→ **About this task**
In the listing below, locate the line with "Kongo-Brazzaville 1991 - Mi-Nr." and the line with "Aramia Couture & Jeweler", then output both and everything between them exactly, minus any pictures.

(Supplied records begins)

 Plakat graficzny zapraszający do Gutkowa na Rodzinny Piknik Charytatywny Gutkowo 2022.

(Supplied records ends)
(Supplied records begins)

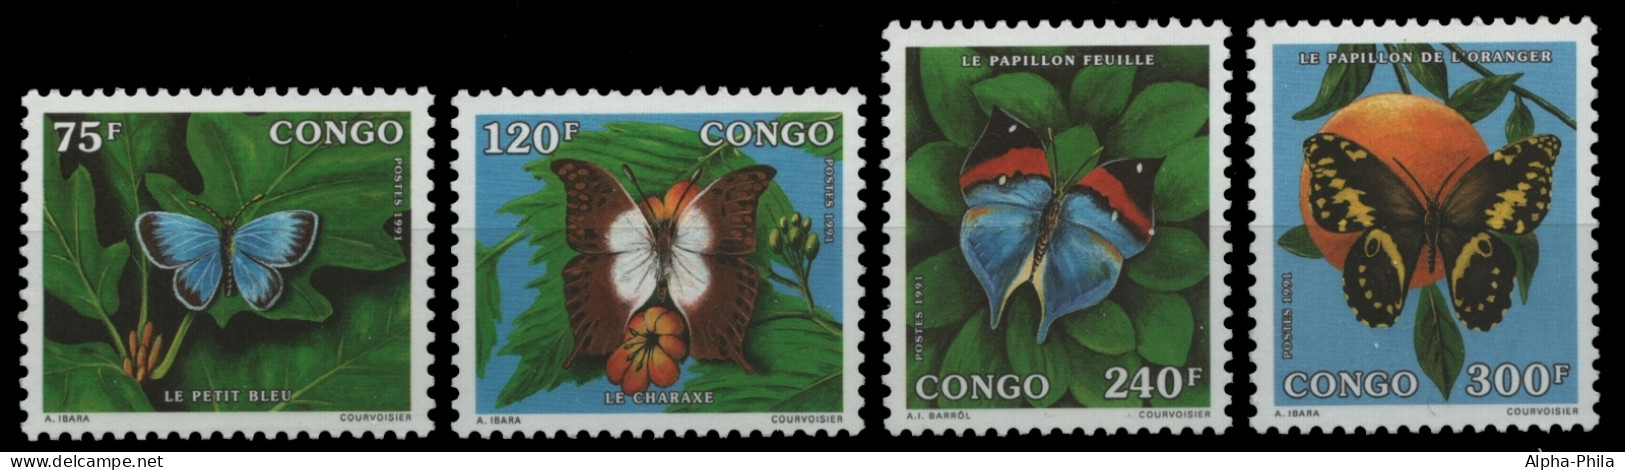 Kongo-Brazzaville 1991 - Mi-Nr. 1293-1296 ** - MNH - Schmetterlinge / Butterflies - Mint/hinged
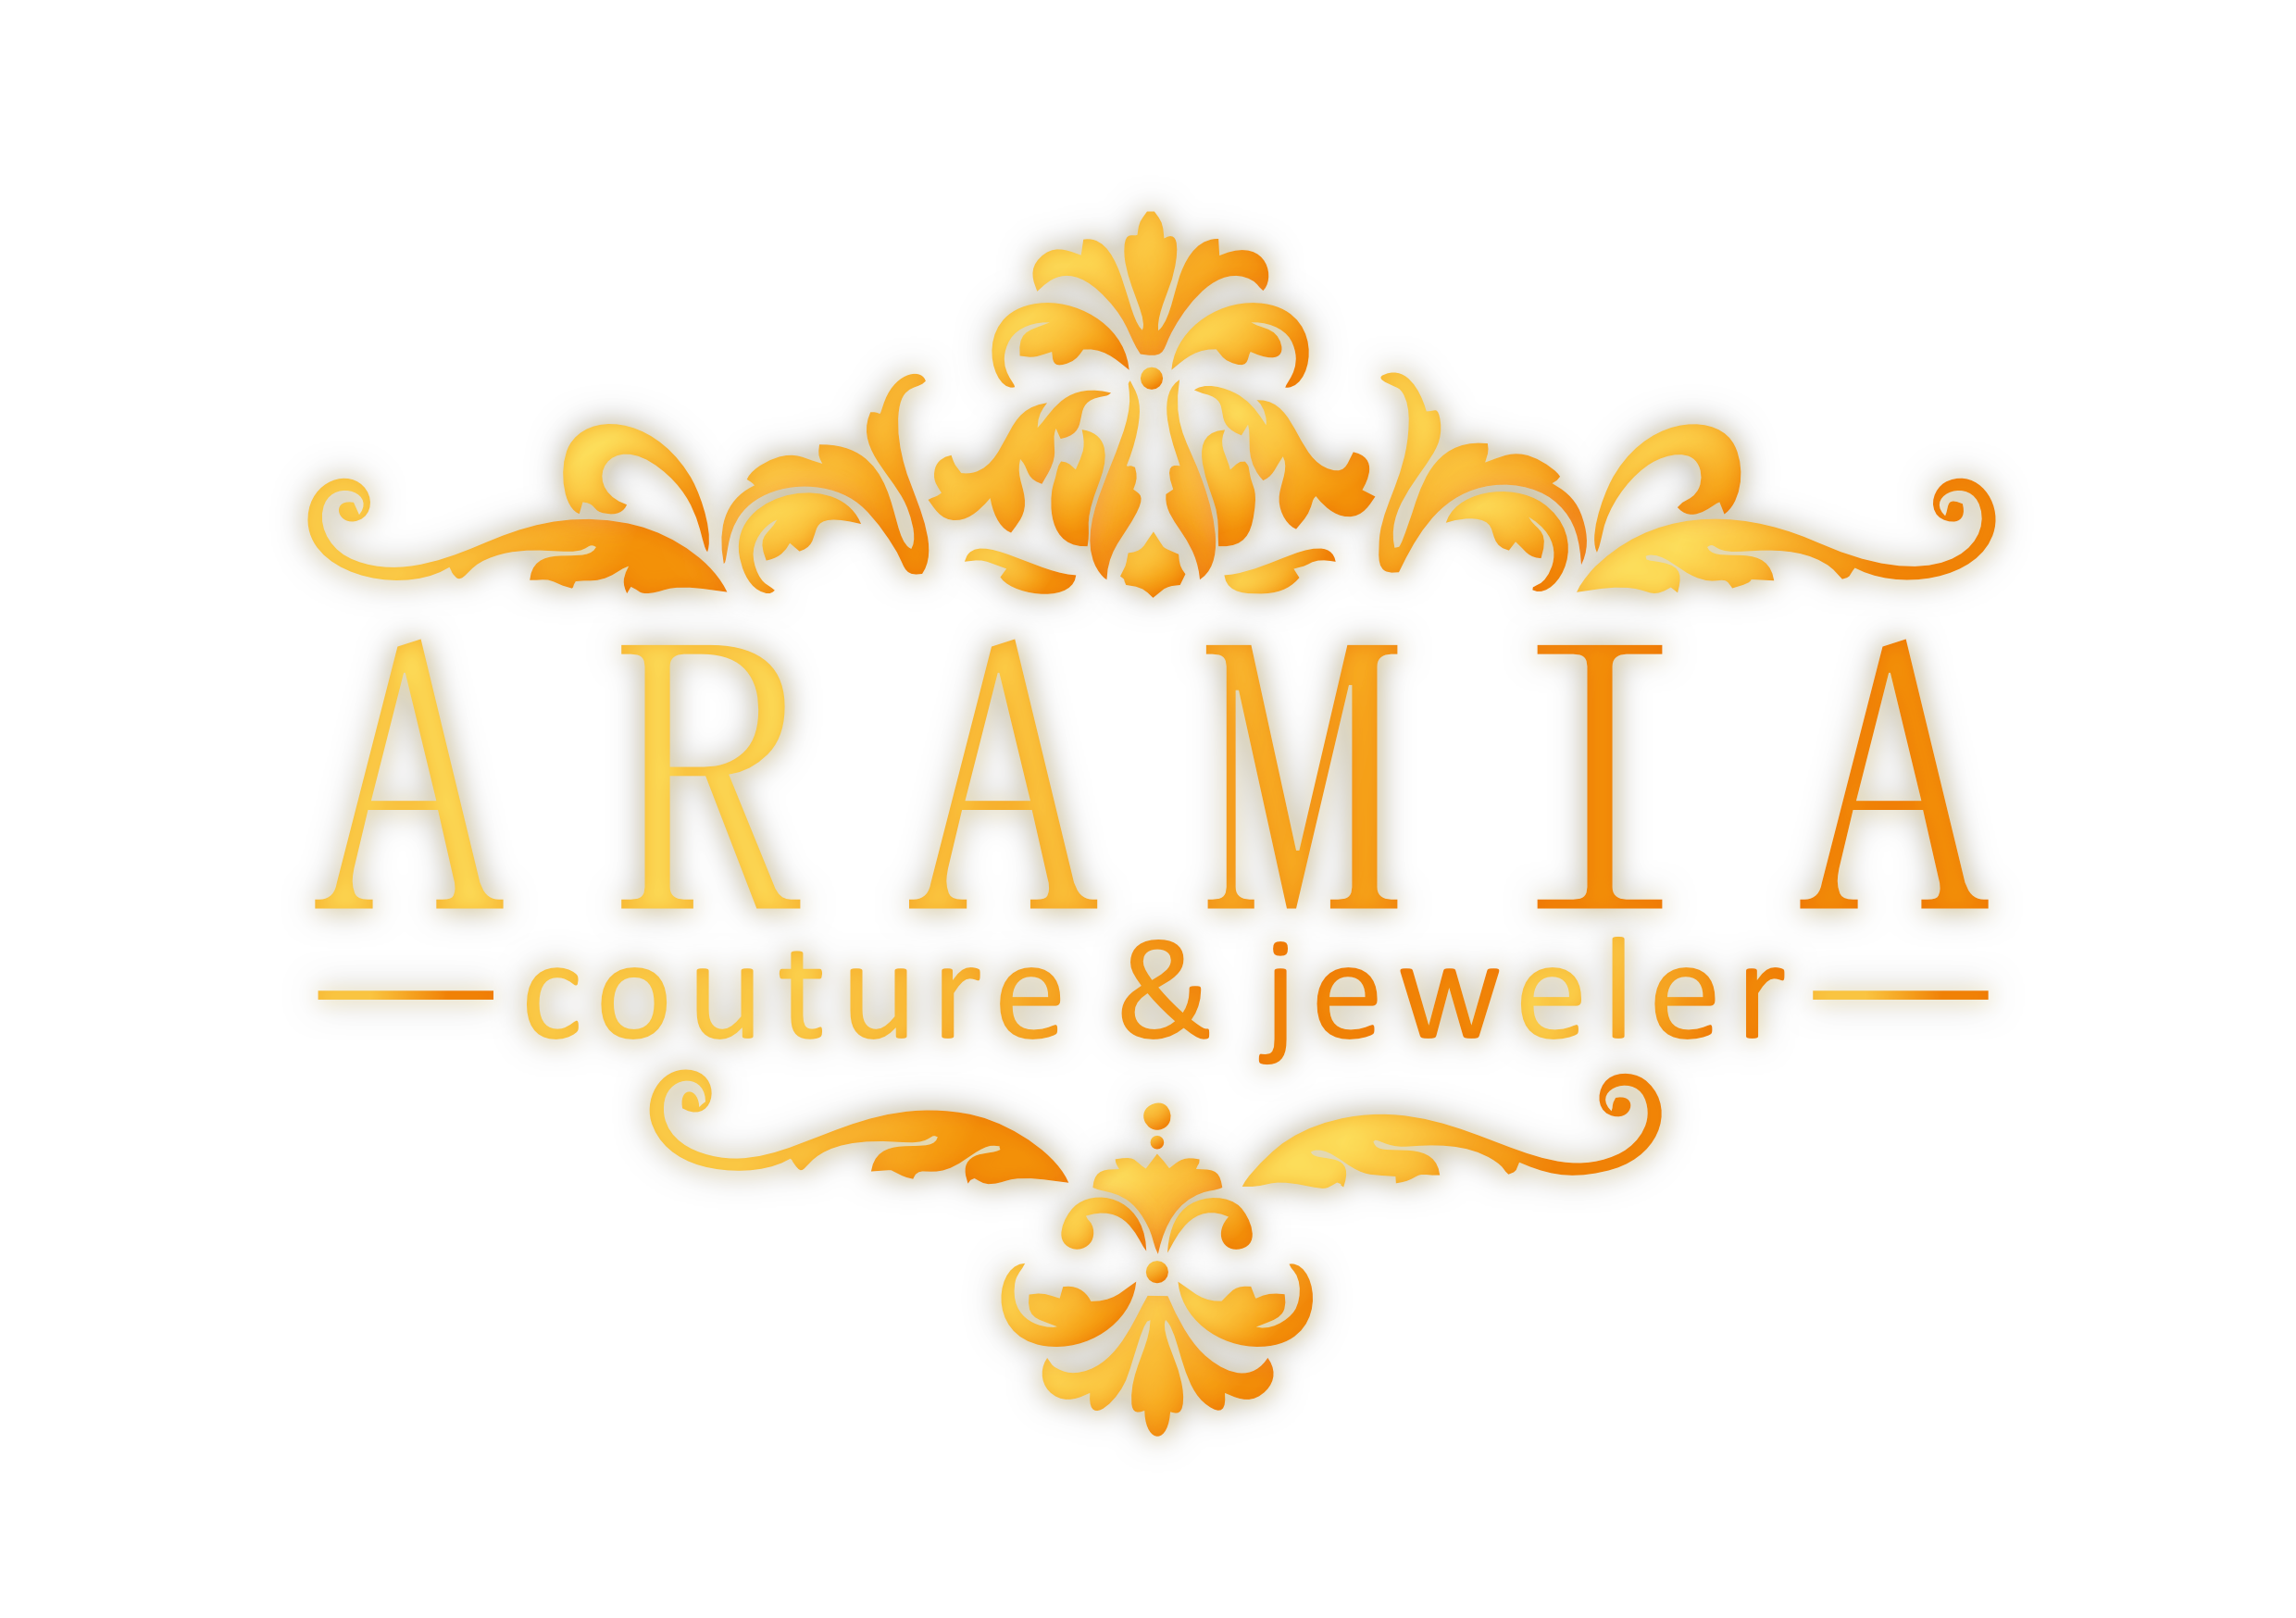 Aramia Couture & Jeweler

(Supplied records ends)

→ **Result**
 Kongo-Brazzaville 1991 - Mi-Nr. 1293-1296 ** - MNH - Schmetterlinge / Butterflies - Mint/hinged
 Aramia Couture & Jeweler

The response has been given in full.